Each evening, do one values audit: Where did I trade my values for convenience today? This is where SQ becomes real. Not in a retreat. In your calendar. In your compromises.
Then, choose one act of aligned courage daily. It could be telling the truth gently. Saying no without guilt. Giving feedback without cruelty. Asking for help without shame.
This is also where my book The Tri-Intelligence Leadership: Mastering IQ, EQ, and SQ tends to land differently for readers. People do not just “learn” SQ. They recognise what they have been avoiding.
How to structure the 30 days without falling off by Day 7
If you treat this like a motivation sprint, you will quit. If you treat it like training, you will continue.
Give yourself 20-30 minutes daily. Same time, same place if possible. Link the practice to an existing habit, like your morning tea or your post-lunch lull. Behaviour change loves predictability.
Expect resistance.

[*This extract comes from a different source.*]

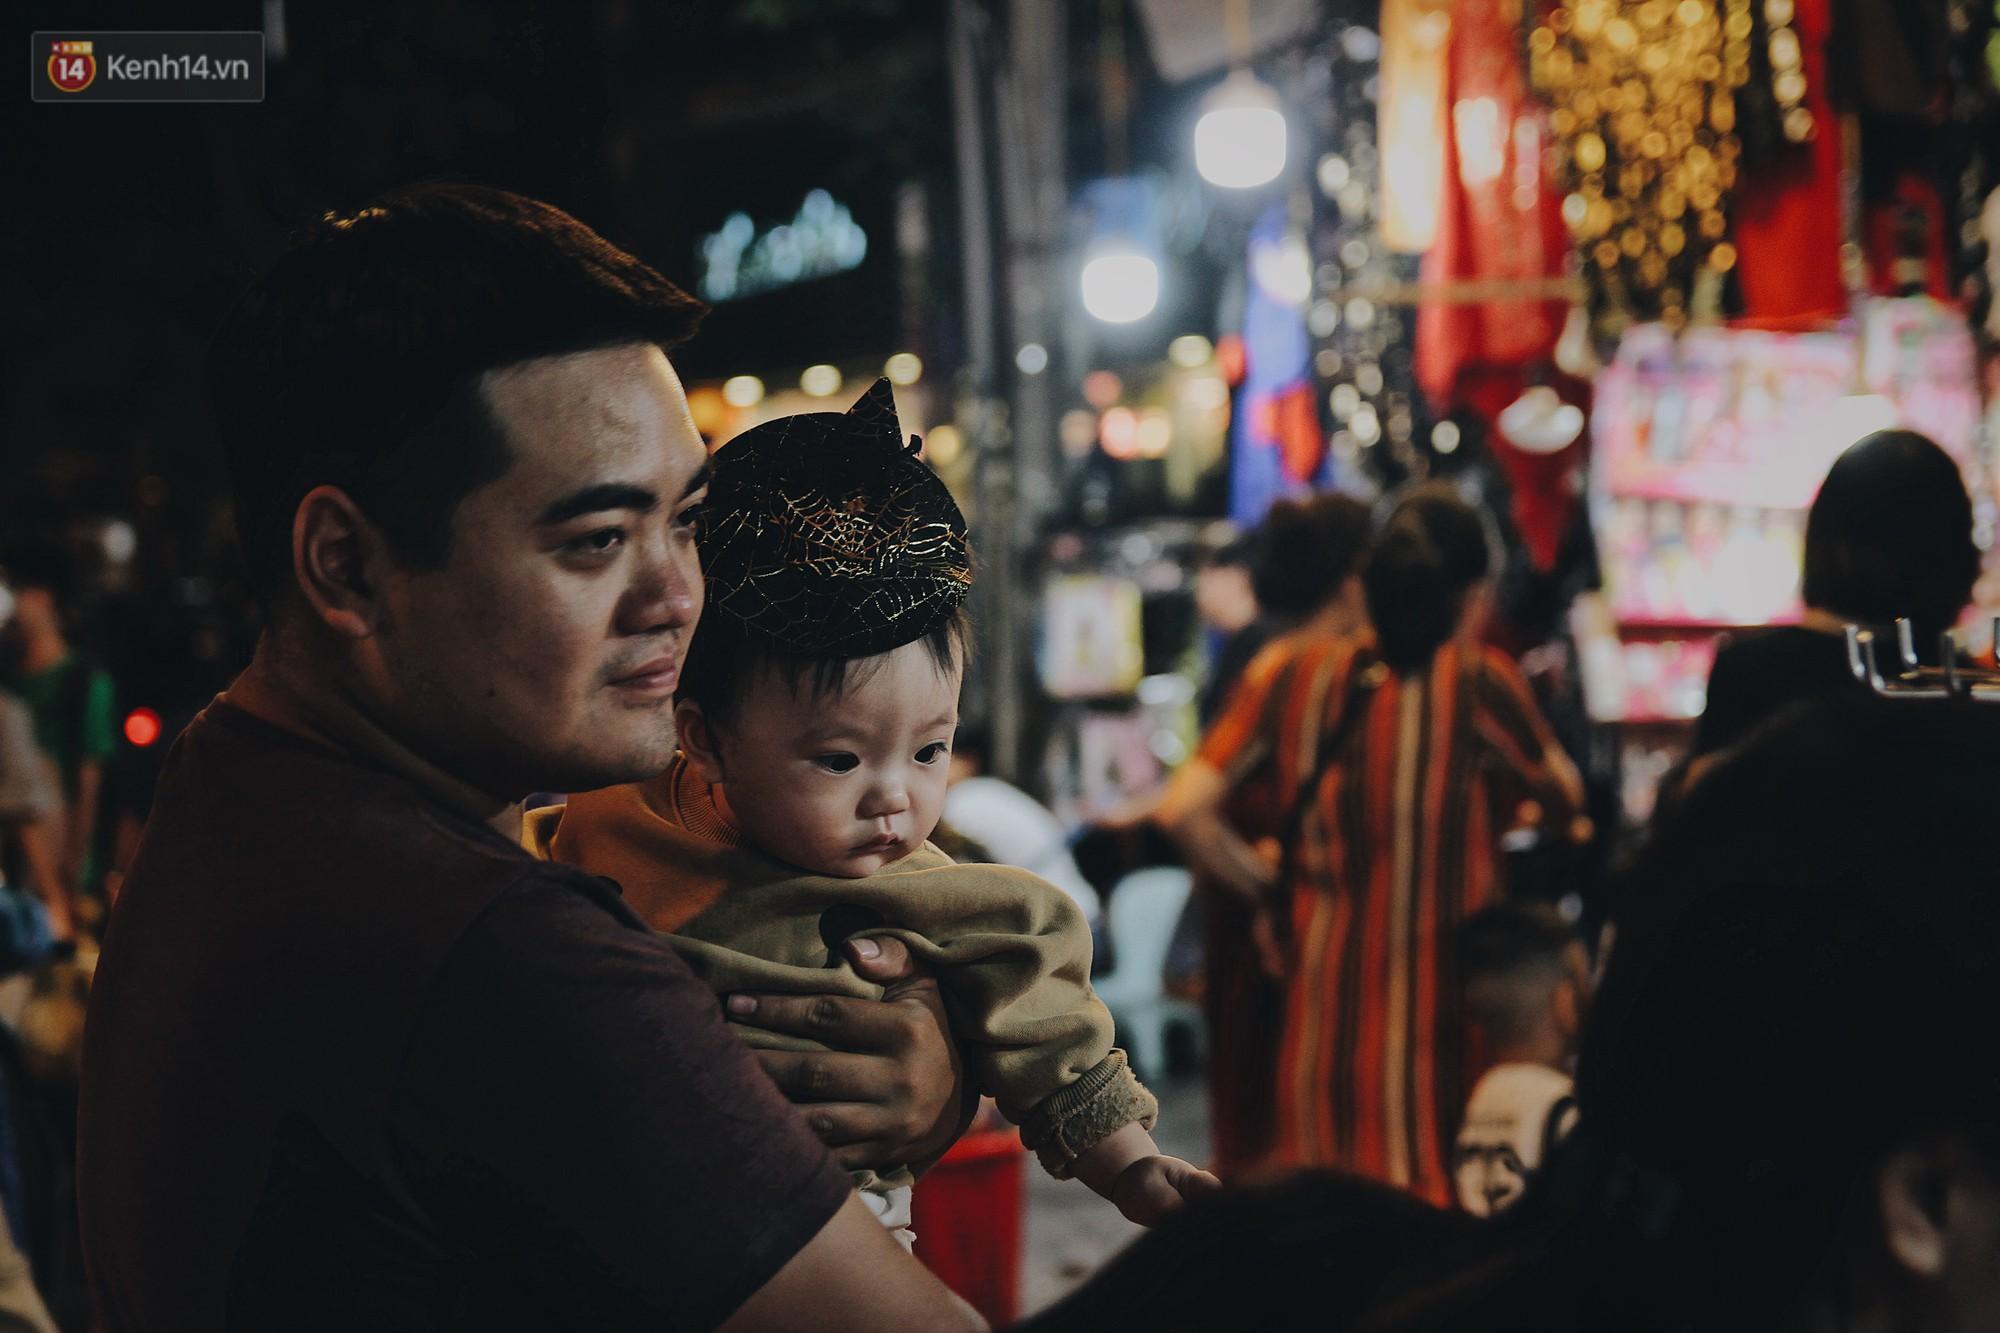 Hình ảnh Halloween tại phố Hàng Mã Hà Nội - Ảnh 12.

Your old identity will protest. That is normal. The mind does not like upgrades that threaten its comfort.
Most importantly, measure progress by behaviour, not mood. Some days you will feel inspired. Some days you will feel flat. The win is showing up.
The uncomfortable societal question: What are we producing in the name of success?
India is rising, no doubt. Yet many leaders are privately exhausted, emotionally brittle, and spiritually bored. We have more apps, but less attention. More credentials, but less wisdom. More meetings, but fewer honest conversations.
Tri-Intelligence Leadership is not just personal development. It is cultural repair. It is choosing to lead like a grown-up in a world full of clever children.
If you do this 30-day plan with sincerity, your leadership will change in a way people can feel. Your thinking will sharpen. Your relationships will soften. Your inner spine will strengthen. And then, something quietly powerful happens: you stop needing to prove you are a leader. You start becoming one.
Disclaimer
Views expressed above are the author’s own.